Since 2009, China has become Brazil’s primary trading partner, replacing the United States. The value of this relationship is said to be $17 billion between 2009 and 2011, mostly through indirect routes. The Chinese modus operandi in Africa and Latin America starts with contacting suppliers to form joint ventures, followed by mergers and acquisitions. Finally, Chinese firms begin the process of ‘land grabbing’ to safeguard the future supply of raw materials. China has provided Brazilian companies with billions of dollars worth of credit in yuan, and Brazil’s ‘Real’ has been linked to China’s fluctuating currency. Brazil‘s economic relations with China resemble the typical ‘North-South” relationship, exemplified by Brazil’s imports of capital goods and manufactured products and its exports of agricultural, energy and mineral products that result in Brazilian deindustrialization.
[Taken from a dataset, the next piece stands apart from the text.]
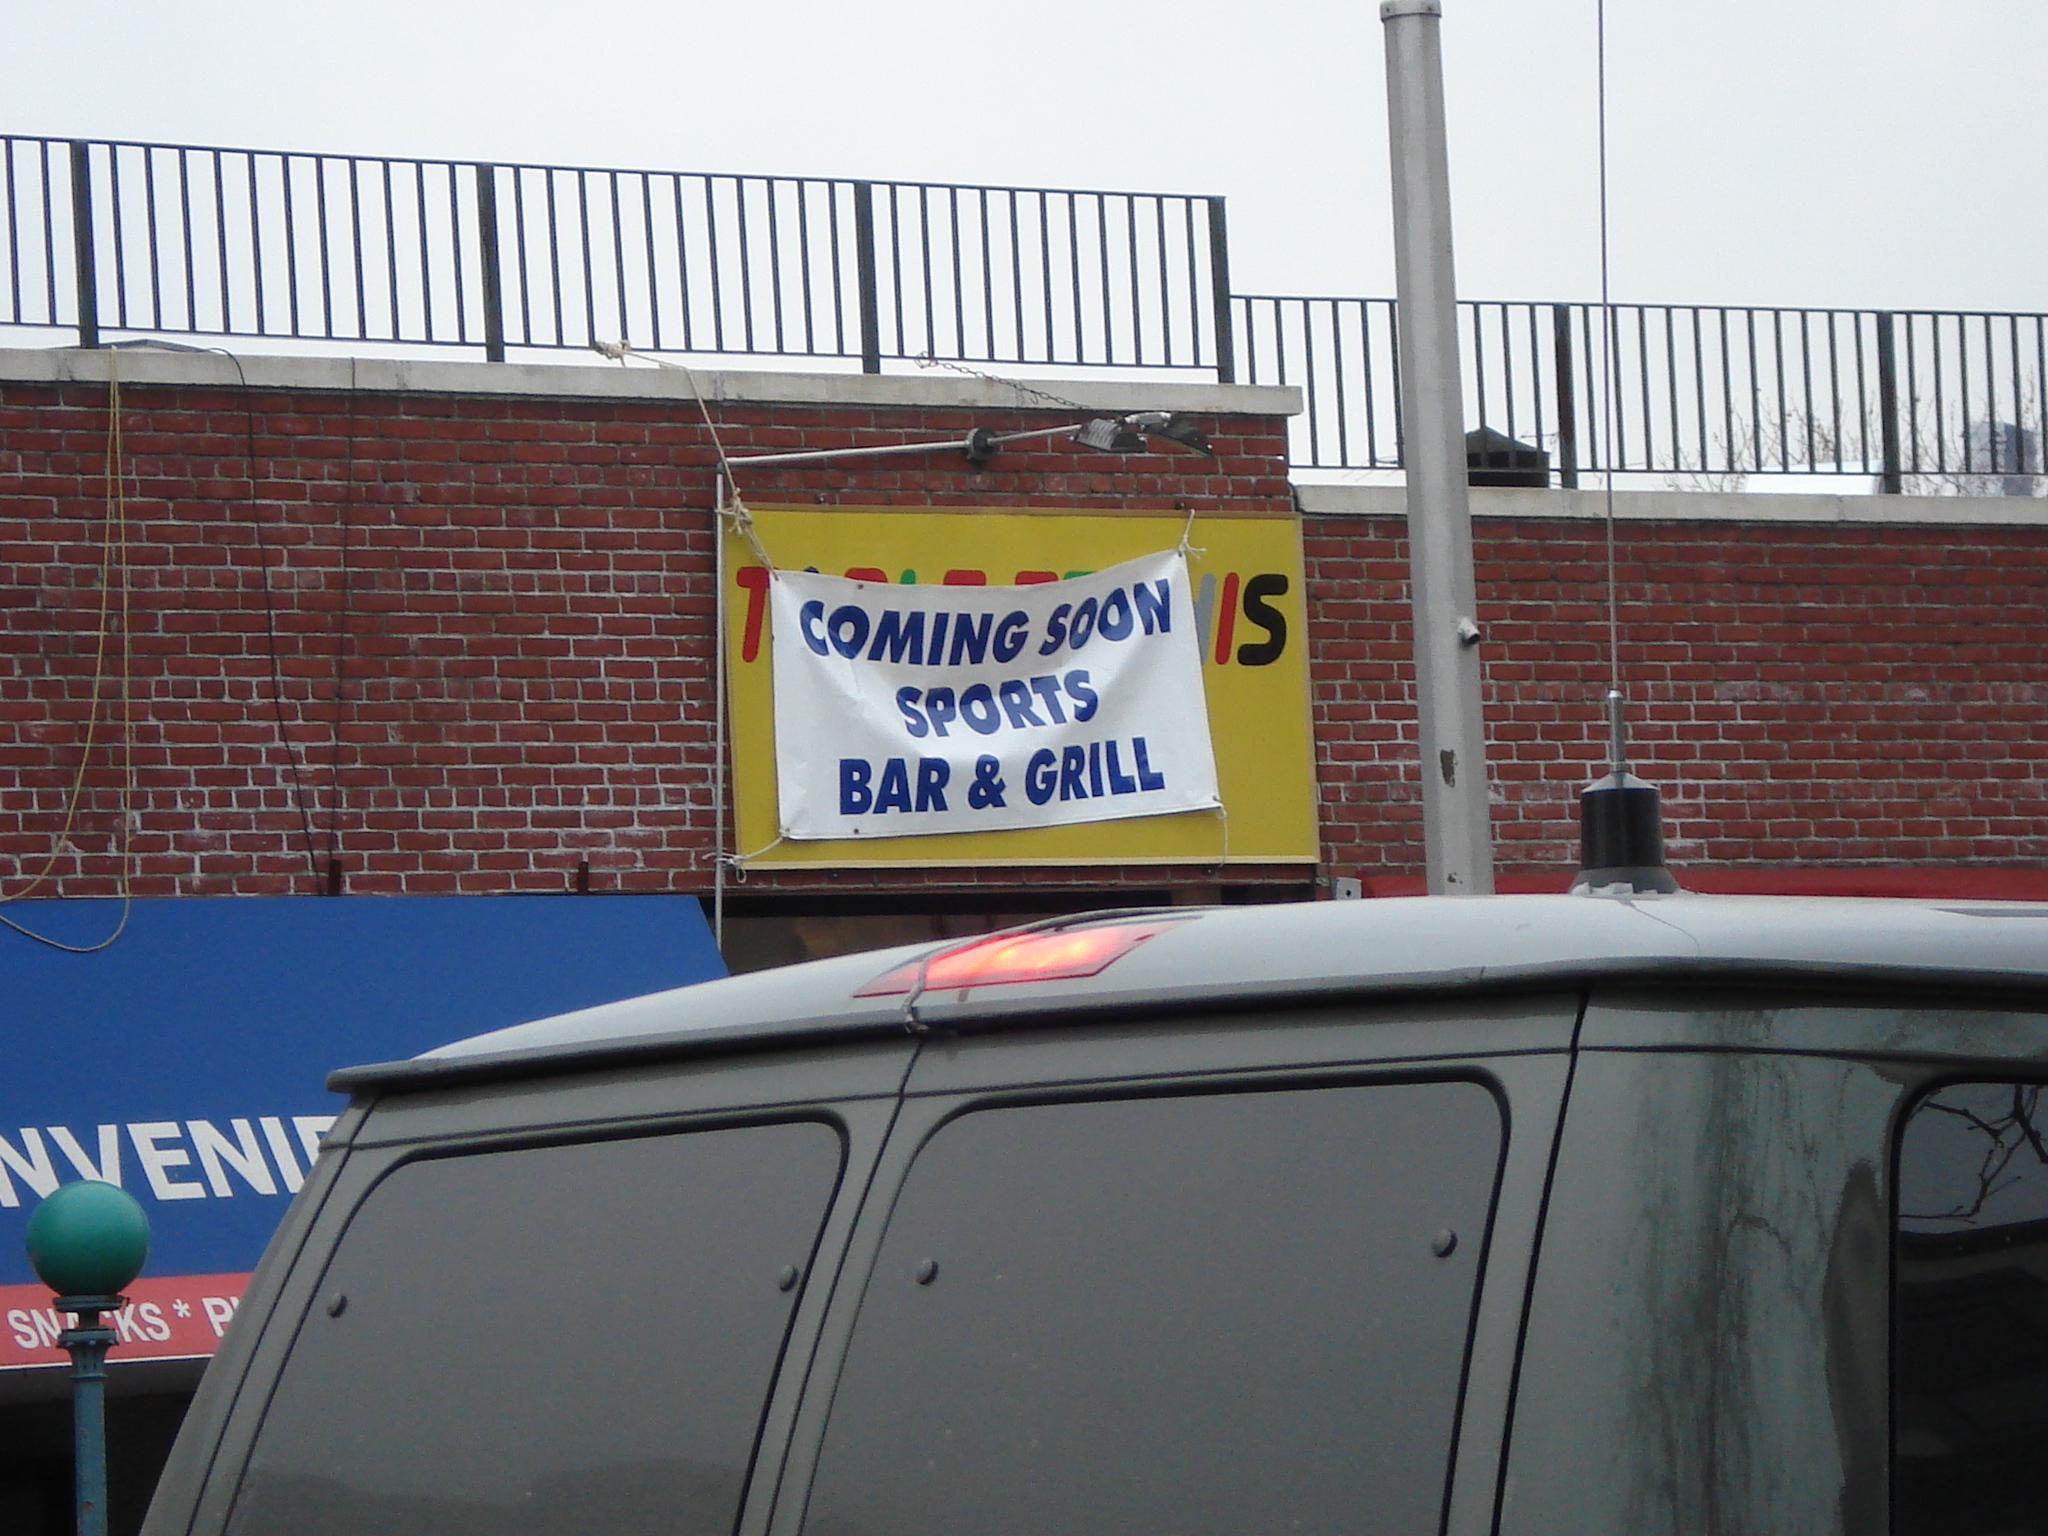 a sign advertising a bar and grill is on the side of the building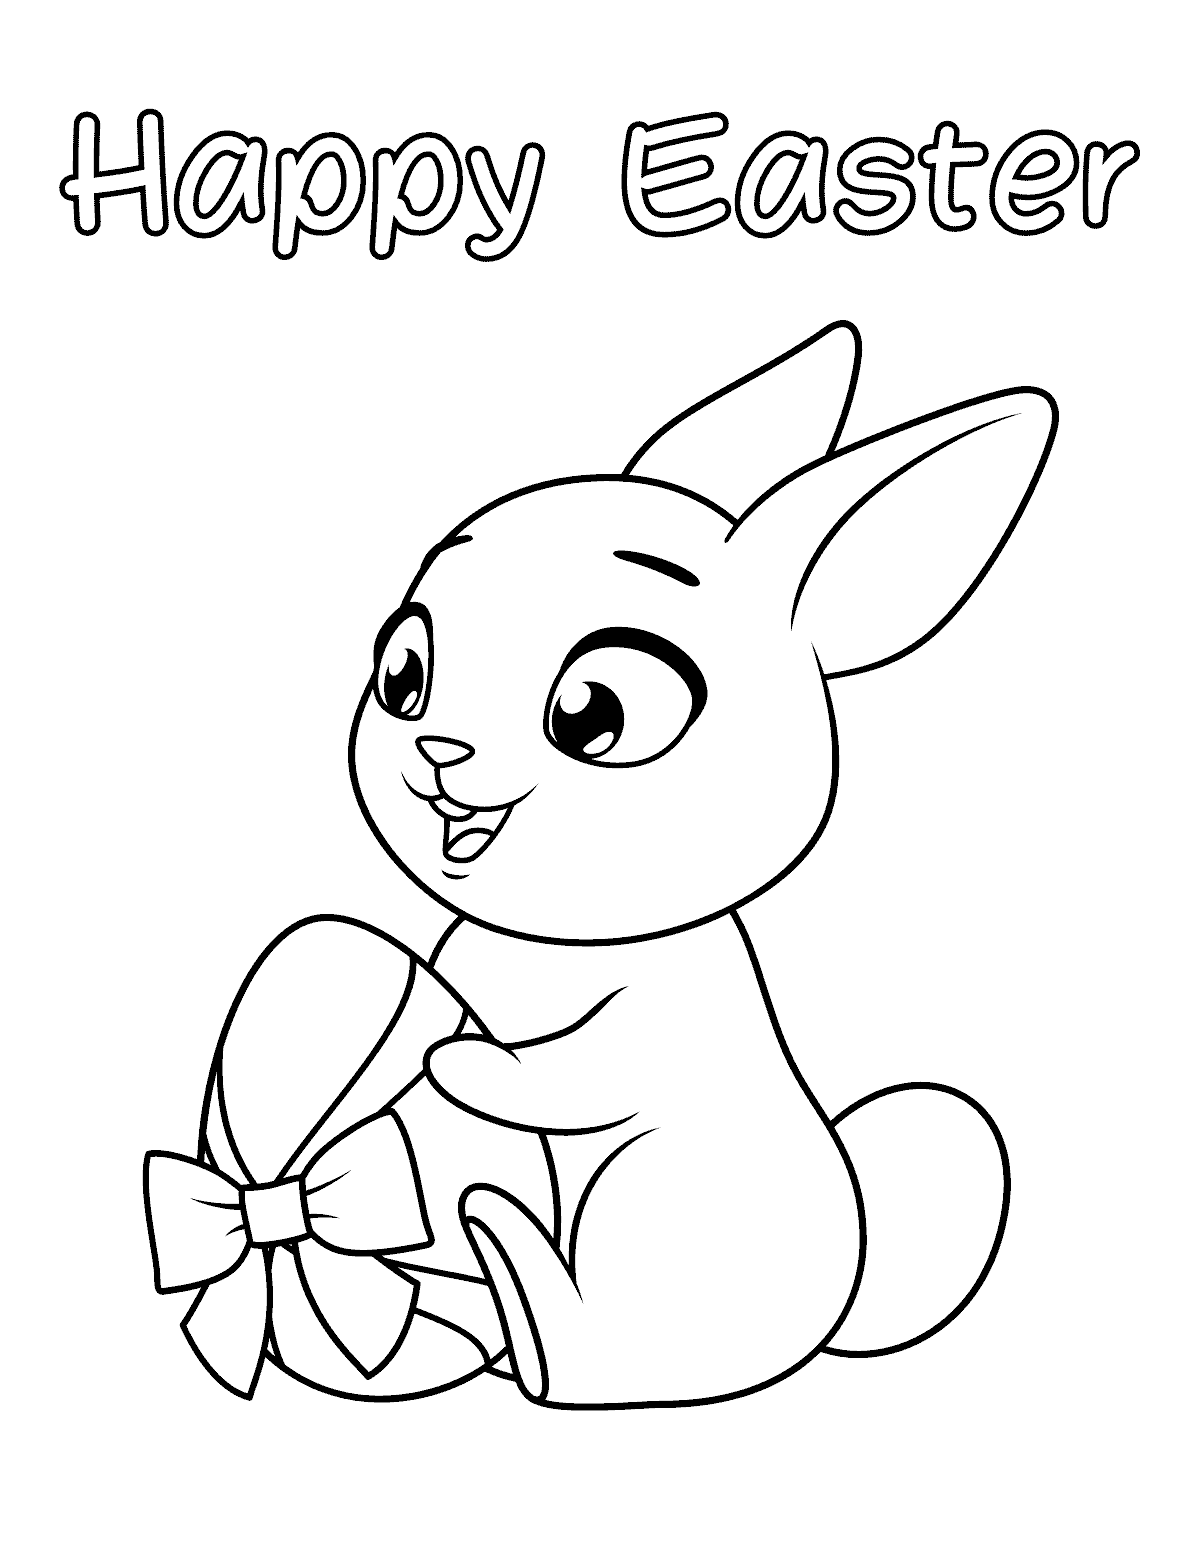 Easter Bunny with Egg and Bow Coloring Page

Since Morales was elected President of Bolivia in 2005, the United States, previously supported by the country’s comprador capitalists, has not been able to shape Bolivian policies. On the contrary, Bolivia has broken with American drug war policies, protecting coca cultivation in family farms. Bolivia has rejected the practices by which the International Monetary Fund and the World Bank controlled Bolivia’s financial policies. Bolivia has also initiated effective steps toward regional integration that undermine US views on climate justice and world peace. The world order is fast heading towards Sino-US bipolarity, with the astonishing rise of China as a military-industrial power challenging the United States even in Latin America. Under this scenario, President Morales may be inclined to forge a strategic alliance with China to counter-balance US influence. The advent of a socialist Morales government in Bolivia beginning in 2005 has pushed the United States into an "undeclared contest” for political influence in the Andean region. In 2006, former Brazilian president Lula met with his Peruvian counterpart, Alan Garcia, who had frankly declared his preference for a Brazilian regional hegemony to that of the United States. Colombia, a strong US ally, announced in early 2011 its collaboration with China to build a railway to link its Atlantic and Pacific coasts and go around the Panama Canal. A network of highways under construction with Chinese aid to link five Peruvian ports on the Pacific coast shows how China is reshaping regional trade patterns. The USA, focusing more on internal rather than external politics under Barack Obama and his predecessors, has resulted in a loss of ‘leverage, confidence and credibility’ throughout Latin America. The military agreement between the United States and Colombia in August 2009 was strongly criticized by most South American countries, including Brazil. The lack of sincerity in normalizing US-Cuba relations has discredited US politics.  The United States’ role in the Honduran ‘coup d'état’ of June 2009, under the pretext of promoting democratic values and containing an imaginary communist threat, is very much dubious. Recently on June 23, the Paraguayan Senate impeached and overthrew President Fernando Lugo who was known for defending peasant rights. Argentina, Brazil, Venezuela, Chile, Bolivia and Uruguay all condemned Lugo’s ouster, allegedly masterminded by the United States.

Even though seemingly a waning power in Latin America, the United States can never let Chinese, anti-American hegemonic aspirations make inroads in Latin America, a continent so close to the United States. The ‘indigenous versus indigenous’ controversy surrounding the TIPNIS road project may turn out to be a proxy war in a new, emerging, bipolar world.